23 May 2015

Agile over Lean

“That is, while there is value in the items on the right, we value the items on the left more.”



A number of reviewers suggested (in good faith) that I use “Lean” instead of “Agile” in the title of my book (Agile IT Organization Design) in order to improve its marketability. Apparently, Lean is in whereas Agile is jaded. However, the strong people-orientation credentials of Agile are core to the solutions I propose. I’d like to expand on this and some other reasons in this post which is also meant as a defense of Agile over Lean when it comes to organizational transformation in digital and tech organizations.
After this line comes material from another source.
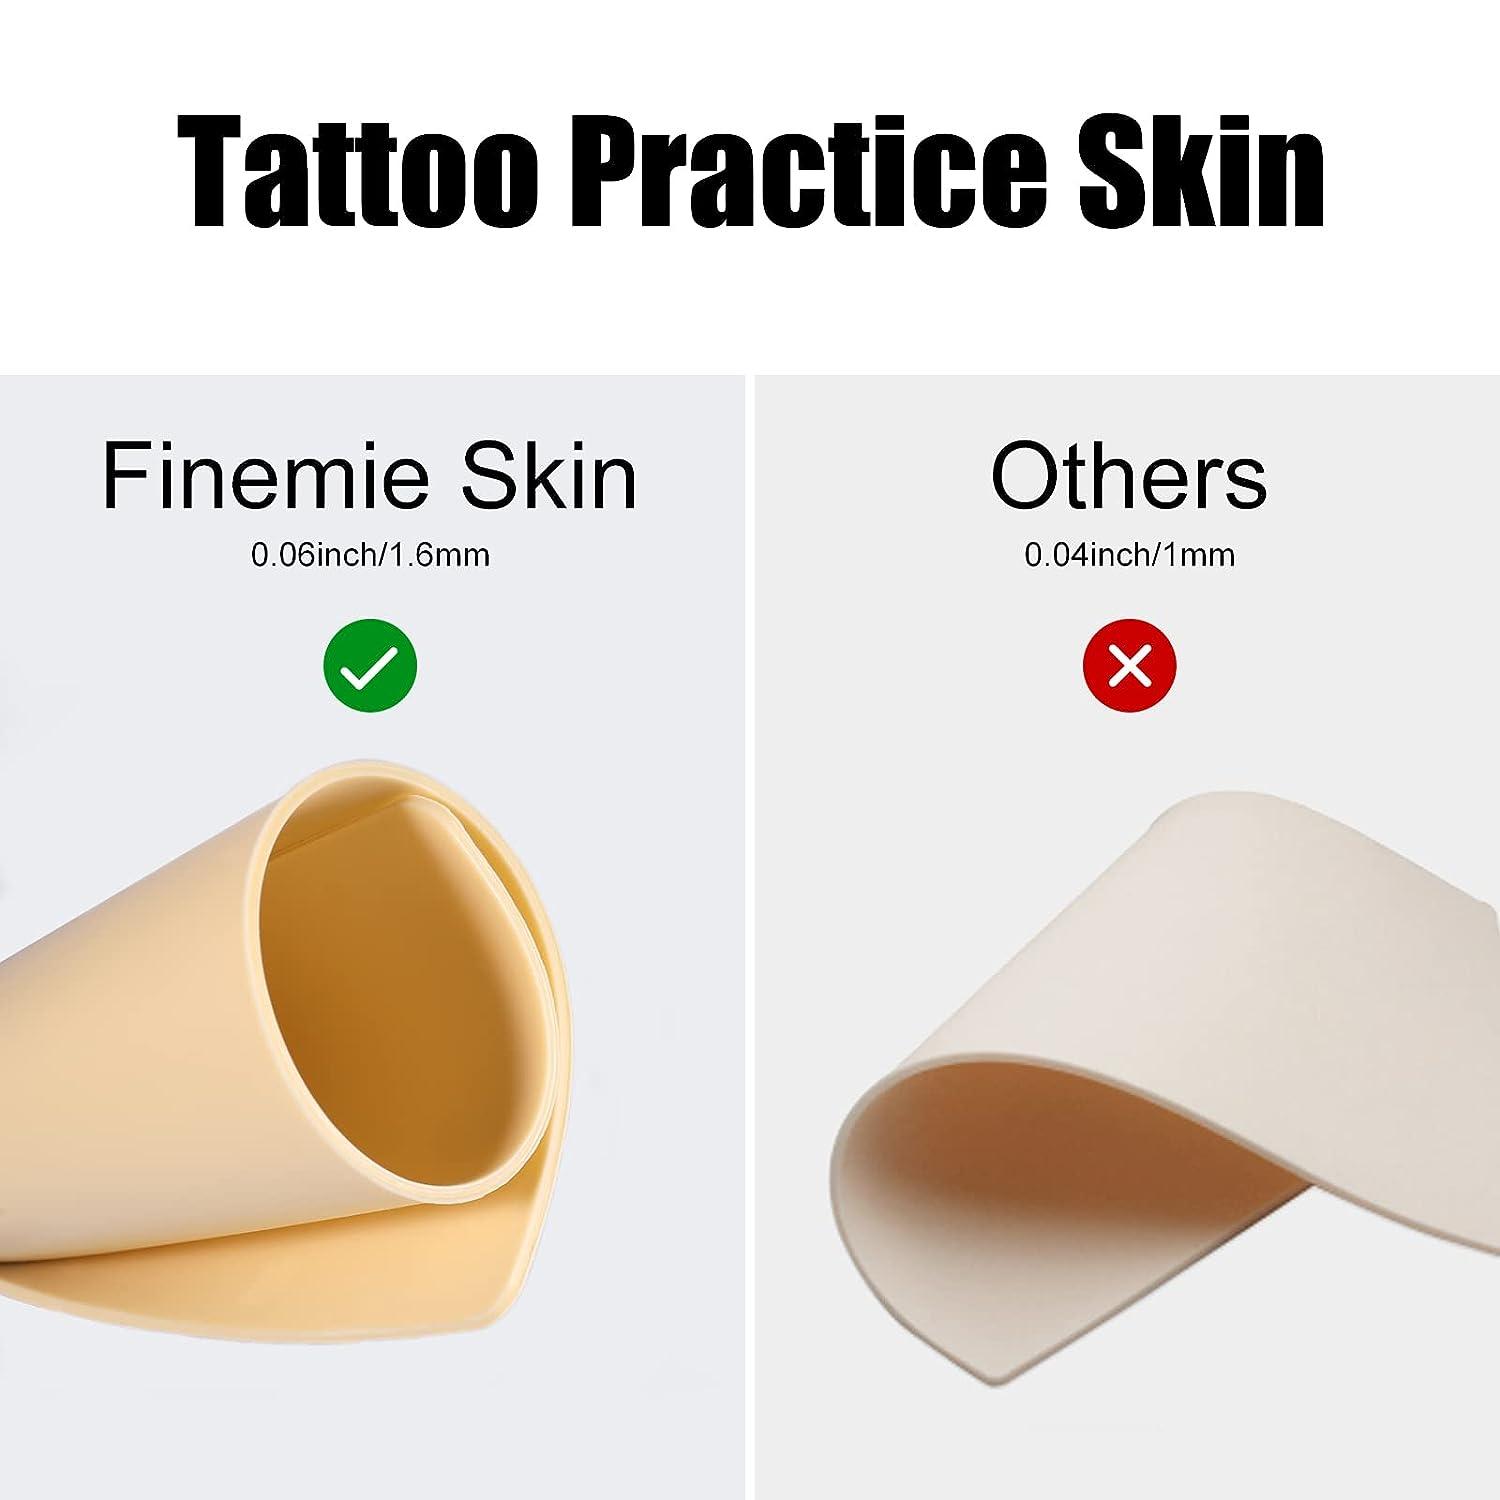 Tiny Tattoo Practice Skins - Brow Sister

    Lean is great. Lean techniques emphasize waste avoidance, limiting work-in-progress, continuous improvement and caring about whole value stream optimization. I advocate these things in various chapters in my book. However, organizational agility needs more than process optimization.

People Orientation


When taken beyond development teams to organizational levels, the Agile principle of “individuals and interactions over processes and tools” actually has a bearing on the org chart, and the metrics and tooling regime. This may not be evident at first but I go to great lengths in the book to bring it out. For example, a matrixed IT organization demands more process in order to co-ordinate between the arms of the matrix than a product or capability centric org structure. Similarly, the Agile principle of “adapting to change over following a plan” has a bearing on how governance teams function, not just Scrum masters. Agile thus provides a sound base of attitudes upon which Lean techniques can be exploited.
    People orientation is an aspect of an organization’s culture. In his excellent Agile Survival Guide, Sahota examines Lean and Agile through the lens of Schneider’s culture model. This model classifies an organization’s culture on two axes—content (what-is vs. what-might-be) and process (people-first vs. company/policy-first), and names the four possible combinations as competence, control, collaboration and cultivation. Sahota argues that collaboration and cultivation cultures are Agile-friendly whereas control and competence cultures are Lean/Kanban-friendly. I find Sahota’s argument convincing and from this perspective, the overall approach is my book is clearly Agile.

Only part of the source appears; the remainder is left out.